Ela saiu de casa feliz, ostentando uma bolsa de grife que eu também havia comprado para ela na minha última viagem a negócios. Meia hora depois, meu celular, que eu havia escondido, começou a vibrar com notificações constantes e rápidas: transação recusada, transação recusada, transação recusada.

Fechei os olhos e imaginei Evelyn parada em frente ao açougue, o rosto vermelho de vergonha, enquanto toda a vizinhança a observava se esforçar para pagar por um único quilo de carne.

Então Patrick começou a me ligar.

Uma vez. Cinco vezes. Dez vezes. Ignorei todas.

Ele me mandou mensagens desesperadas: “Por que o cartão está sendo recusado?”, “Estou em um restaurante com meu chefe e não tenho dinheiro vivo!”, “Transfira-me dinheiro agora mesmo, você está me fazendo de idiota!”

Às sete da noite, ele irrompeu pela porta da frente, o rosto tomado pela raiva.

Sua camisa cara estava amarrotada, ele suava profusamente e seu orgulho estava claramente ferido.

“O que exatamente você fez com meus cartões de crédito?”, ele rugiu, andando de um lado para o outro.

“Eu não fiz nada”, respondi, servindo-me calmamente um copo de água fria. “Desde que pedi demissão, o banco congelou todas as nossas contas. Estou sem renda. Você não disse que era o chefe da família e que administrava o dinheiro?”

Evelyn entrou na sala logo atrás dele, carregando uma sacola de compras vazia.

“Você me humilhou na frente de toda a vizinhança no supermercado!”, gritou ela.

“Não, mãe”, respondi, olhando-a nos olhos. “O que te humilhou foi usar um cartão que você não ganhou.”

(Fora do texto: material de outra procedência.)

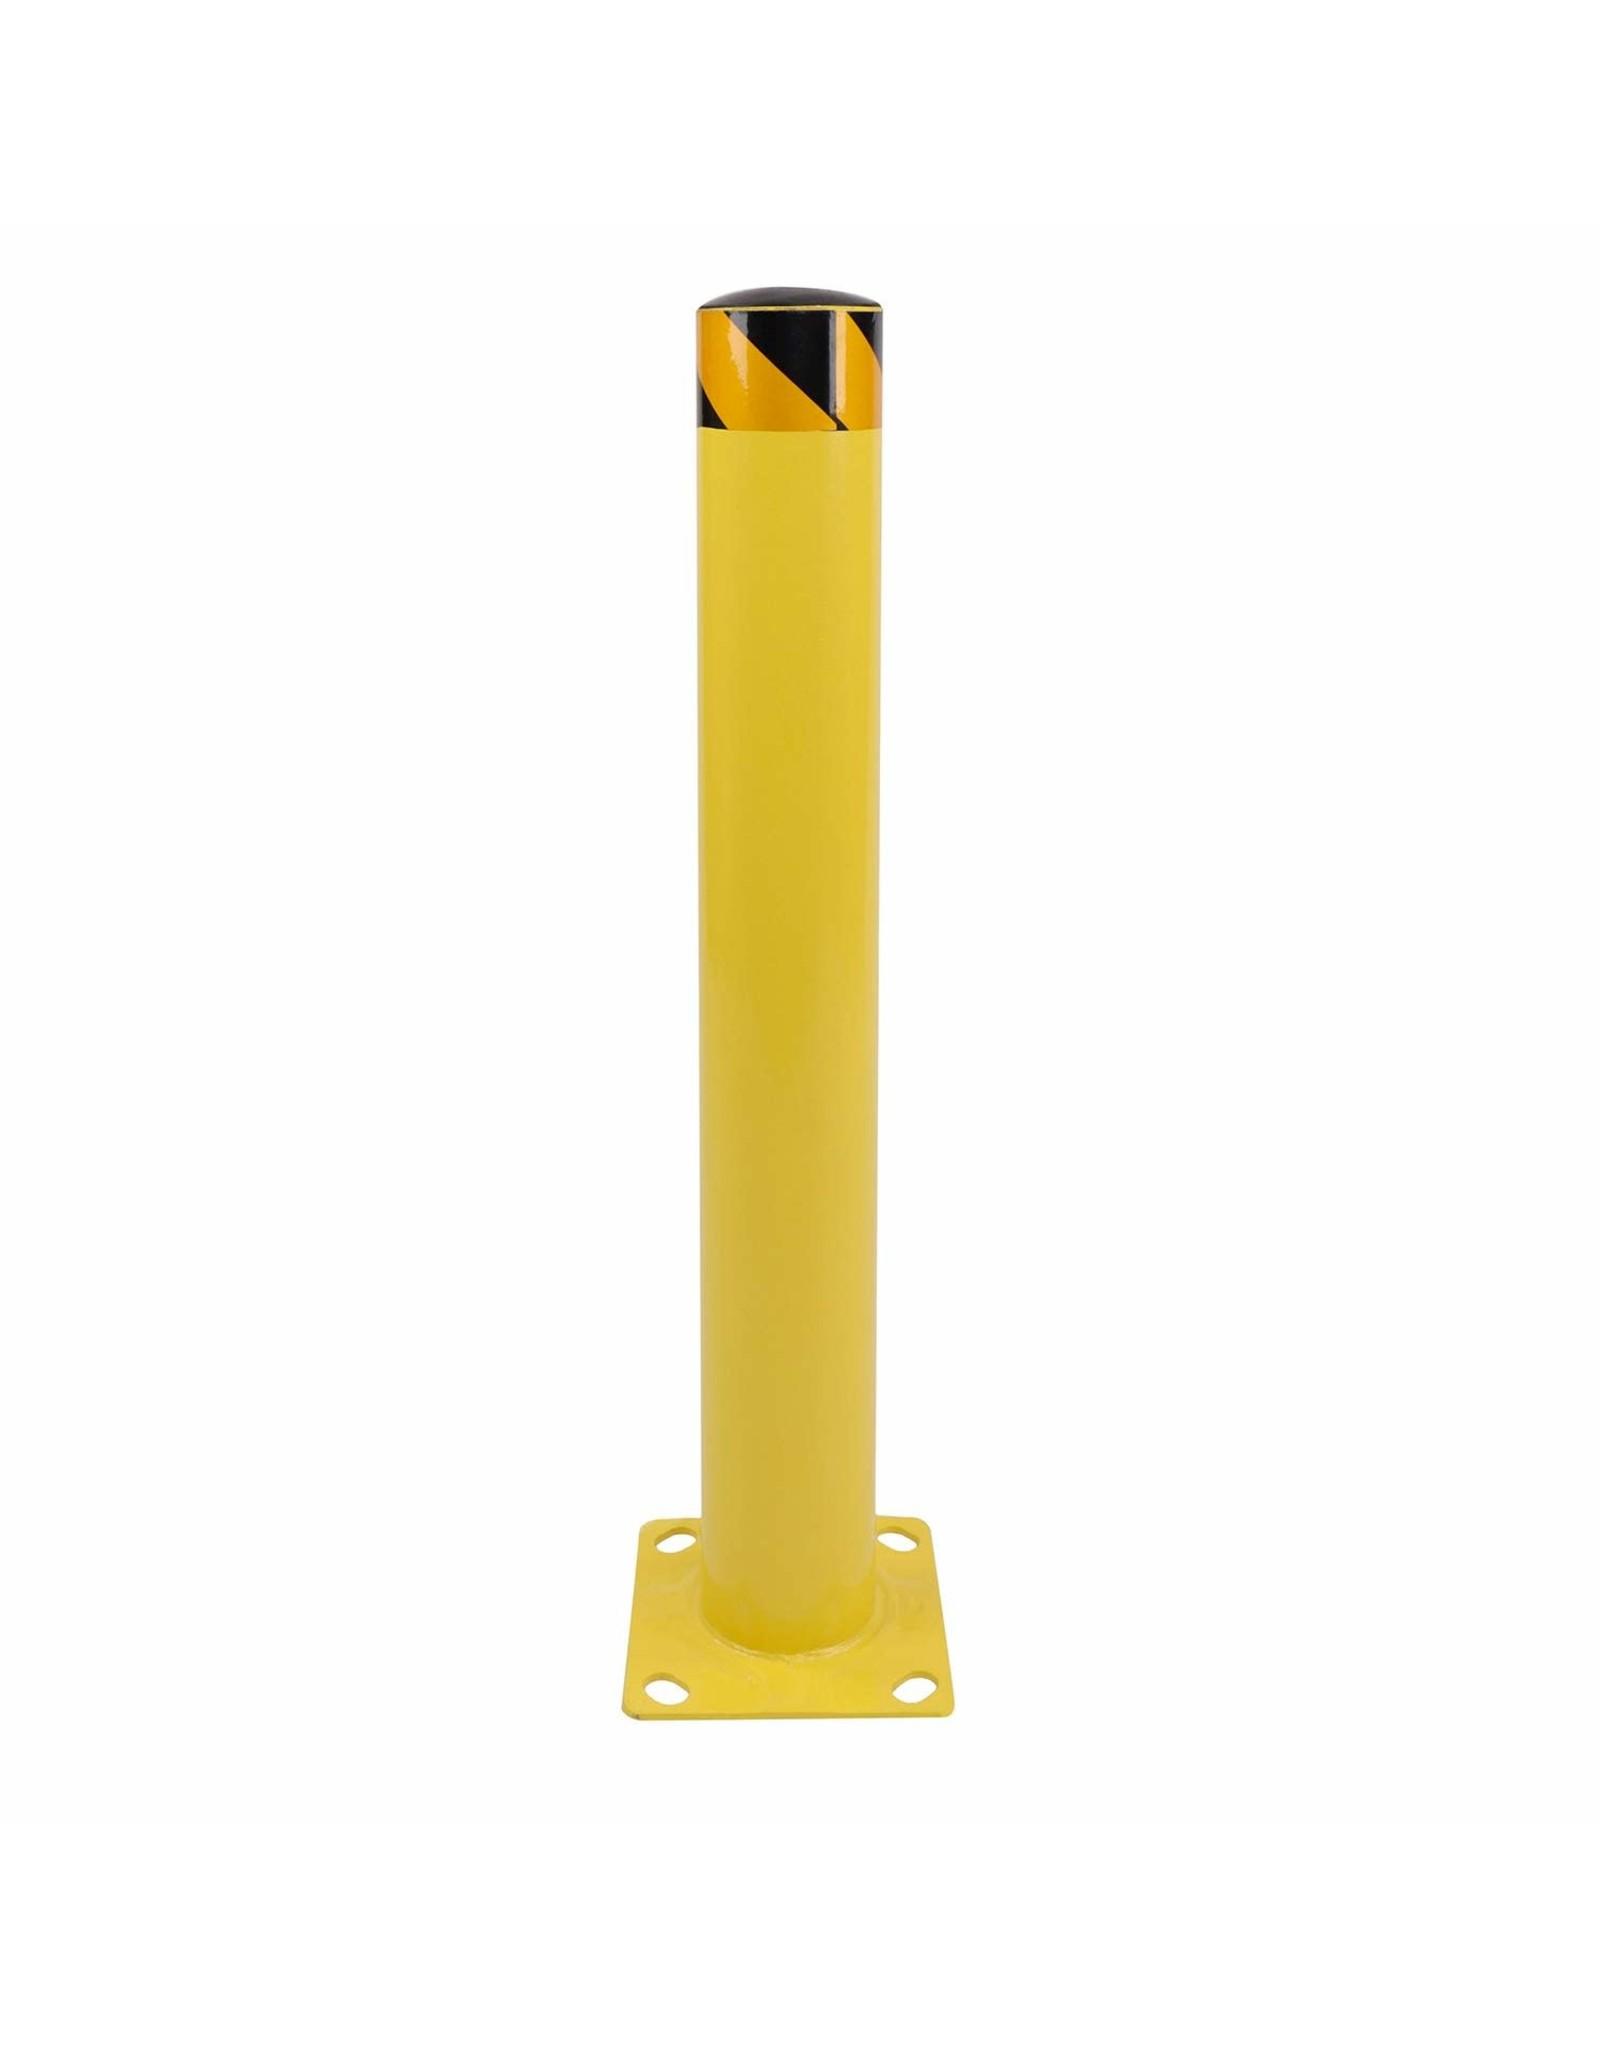 BISupply BISupply Safety Bollard Post 36 x 4.5 Inches - Yellow Pipe Bollards Steel Parking Barrier for Garage or Parking Lot, 1pk

Patrick bateu com o punho na mesa de madeira com tanta força que os copos tilintaram.

“Não brinque comigo, Samantha.”

“Eu não brinco. A partir de hoje, esta casa será paga inteiramente com o seu salário.”

O silêncio que se seguiu me pareceu absolutamente belo.

Patrick ganhava o suficiente para se gabar, mas certamente não o suficiente para manter o estilo de vida luxuoso que eu vinha subsidiando há anos.

Os dias seguintes foram uma lição dura, porém necessária, para nós dois.

As contas de luz, água, internet e manutenção mensal chegaram pelo correio.

Prendi todas na porta da geladeira.

Evelyn, que sempre insistia em manter o ar-condicionado ligado no máximo, ficou horrorizada quando a companhia elétrica finalmente cortou a energia.